I tried the NVIDIA-Nsight-Compute-2024.1 to trace dram workload while Llama is launched, but experienced the Segmentation fault:
on the first console:
root@orin1:/data/NVIDIA-Nsight-Compute-2024.1# ls
docs EULA.txt extras host ncu ncu-ui sections target
root@orin1:/data/NVIDIA-Nsight-Compute-2024.1# ./ncu --mode=launch python3 -m nano_llm.chat --api=mlc --model princeton-nlp/Sheared-LLaMA-2.7B-ShareGPT
==PROF== Waiting for profiler to attach on ports 49152-49215.
/usr/lib/python3/dist-packages/requests/init.py:89: RequestsDependencyWarning: urllib3 (1.26.18) or chardet (3.0.4) doesn’t match a supported version!
warnings.warn("urllib3 ({}) or chardet ({}) doesn’t match a supported "
/usr/local/lib/python3.8/dist-packages/transformers/utils/hub.py:124: FutureWarning: Using TRANSFORMERS_CACHE
is deprecated and will be removed in v5 of Transformers. Use HF_HOME
instead.
warnings.warn(
Fetching 14 files: 100%|███████████████████████████████████████████████████████████████████████████████████████████████████████████████████████████████████████████████████████| 14/14 [00:00<00:00, 126280.12it/s]
14:02:15 | INFO | loading /data/models/huggingface/models–princeton-nlp–Sheared-LLaMA-2.7B-ShareGPT/snapshots/802be8903ec44f49a883915882868b479ecdcc3b with MLC
You are using the default legacy behaviour of the <class ‘transformers.models.llama.tokenization_llama.LlamaTokenizer’>. This is expected, and simply means that the legacy
(previous) behavior will be used so nothing changes for you. If you want to use the new behaviour, set legacy=False
. This should only be set if you understand what it means, and thoroughly read the reason why this was added as explained in ⚠️⚠️[`T5Tokenize`] Fix T5 family tokenizers⚠️⚠️ by ArthurZucker · Pull Request #24565 · huggingface/transformers · GitHub
14:02:48 | INFO | device=cuda(0), name=Orin, compute=8.7, max_clocks=1300000, multiprocessors=16, max_thread_dims=[1024, 1024, 64], api_version=11040, driver_version=None
14:02:48 | INFO | loading Sheared-LLaMA-2.7B-ShareGPT from /data/models/mlc/dist/Sheared-LLaMA-2.7B-ShareGPT-ctx4096/Sheared-LLaMA-2.7B-ShareGPT-q4f16_ft/Sheared-LLaMA-2.7B-ShareGPT-q4f16_ft-cuda.so
Fatal Python error: Segmentation fault
Thread 0x0000fffed09c9f40 (most recent call first):
File “/usr/lib/python3.8/threading.py”, line 306 in wait
File “/usr/lib/python3.8/threading.py”, line 558 in wait
File “/usr/local/lib/python3.8/dist-packages/tqdm/_monitor.py”, line 60 in run
File “/usr/lib/python3.8/threading.py”, line 932 in _bootstrap_inner
File “/usr/lib/python3.8/threading.py”, line 890 in _bootstrap
Current thread 0x0000ffff9dde5980 (most recent call first):
File “/opt/NanoLLM/nano_llm/models/mlc.py”, line 110 in init
File “/opt/NanoLLM/nano_llm/nano_llm.py”, line 71 in from_pretrained
File “/opt/NanoLLM/nano_llm/chat/main.py”, line 29 in
File “/usr/lib/python3.8/runpy.py”, line 87 in _run_code
File “/usr/lib/python3.8/runpy.py”, line 194 in _run_module_as_main
==ERROR== The application returned an error code (11).
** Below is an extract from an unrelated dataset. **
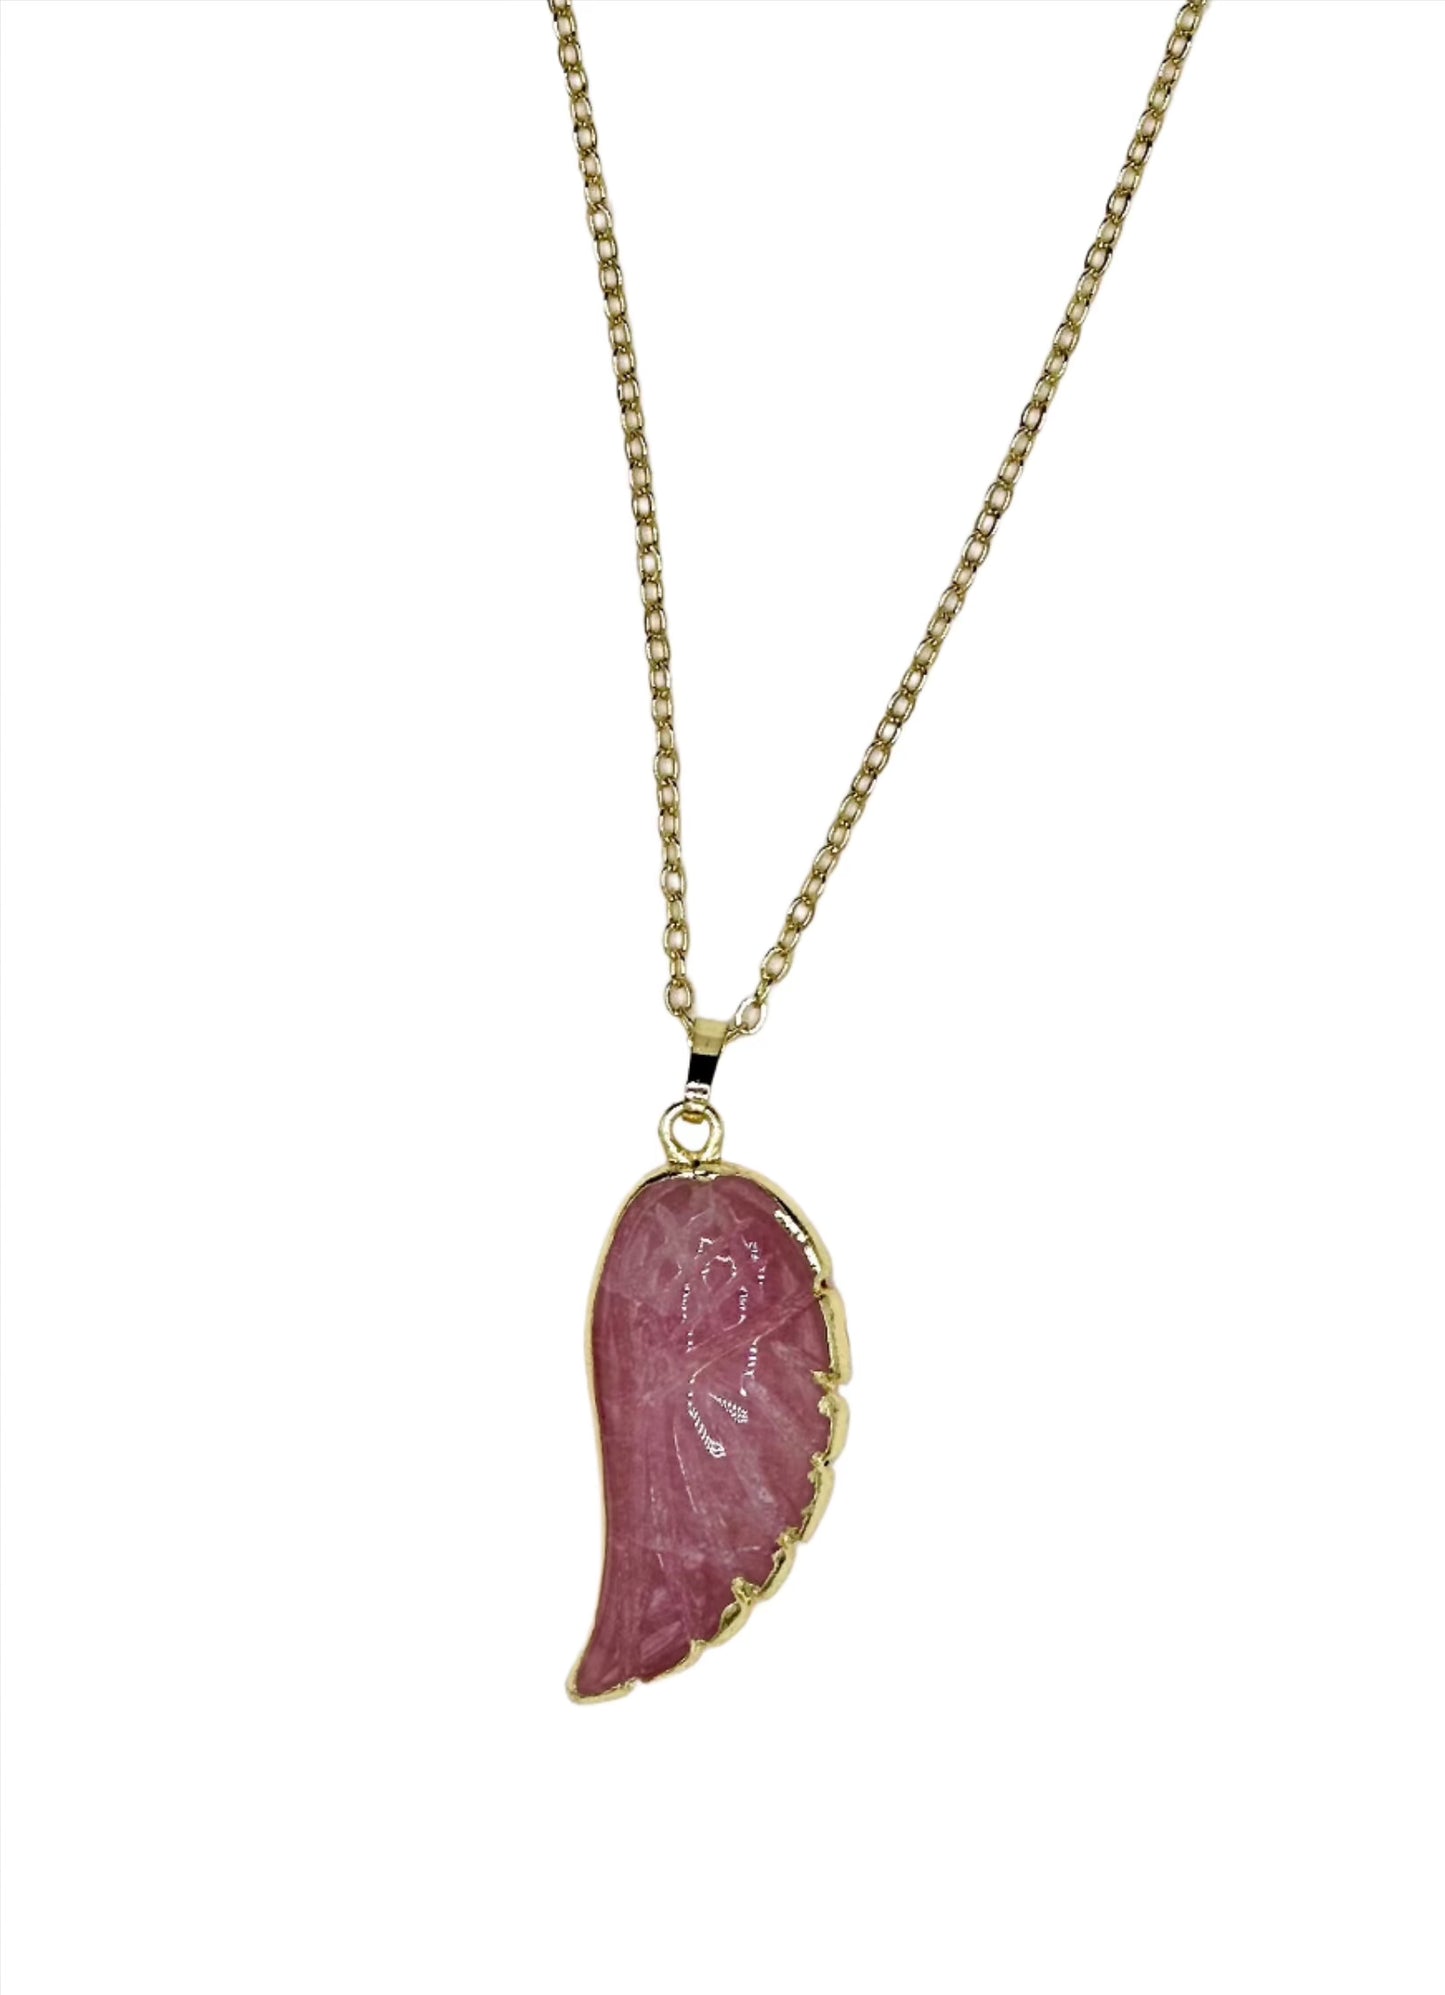 Rose Quartz Angel Wing Necklace - Gold Plated for Protection and Courage
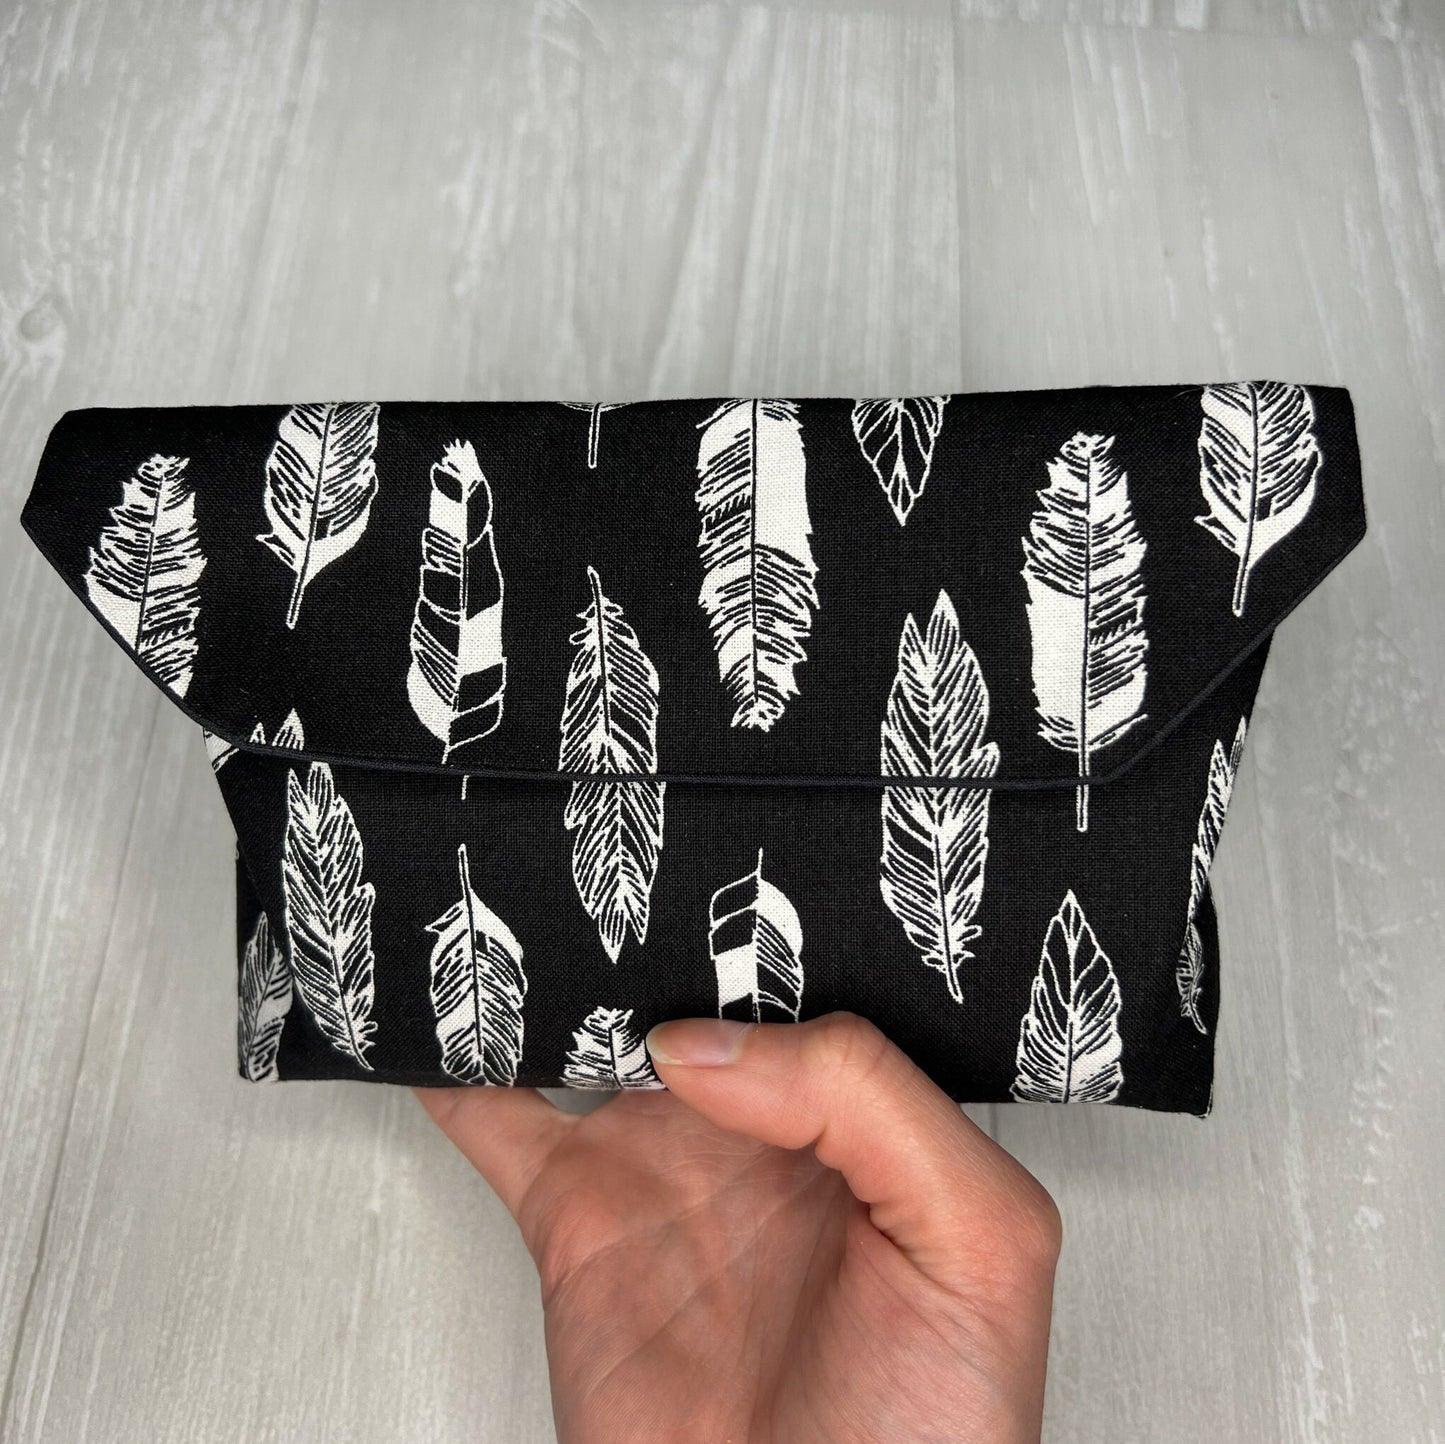 Feather Tarot Clutch Pouch, Fold Over Magnetic Clasp Tarot Pouch, Tarot Reading Gifts Supplies & Accessories, Tarot Card Storage Holder

root@orin1:/data/NVIDIA-Nsight-Compute-2024.1#
in the second console:
root@orin1:/data/NVIDIA-Nsight-Compute-2024.1# ./ncu --mode=attach -f --section=MemoryWorkloadAnalysis --section=MemoryWorkloadAnalysis_Chart --section=MemoryWorkloadAnalysis_Tables -o report --hostname 127.0.0.1
==PROF== Finding attachable processes on host 127.0.0.1.
==PROF== Attaching to process ‘/usr/bin/python3.8’ (308) on port 49152.
==PROF== Connected to process 308 (/usr/bin/python3.8)
==WARNING== No kernels were profiled.
==WARNING== Profiling kernels launched by child processes requires the --target-processes all option.
I ever used ncu 2022, there is no segmentation fault issue, but it ncu 2022 will suspend the llama response, I have created the topic here
based on @ veraj suggestion, I should use the latest version of ncu.
@veraj would you please help me check this internally?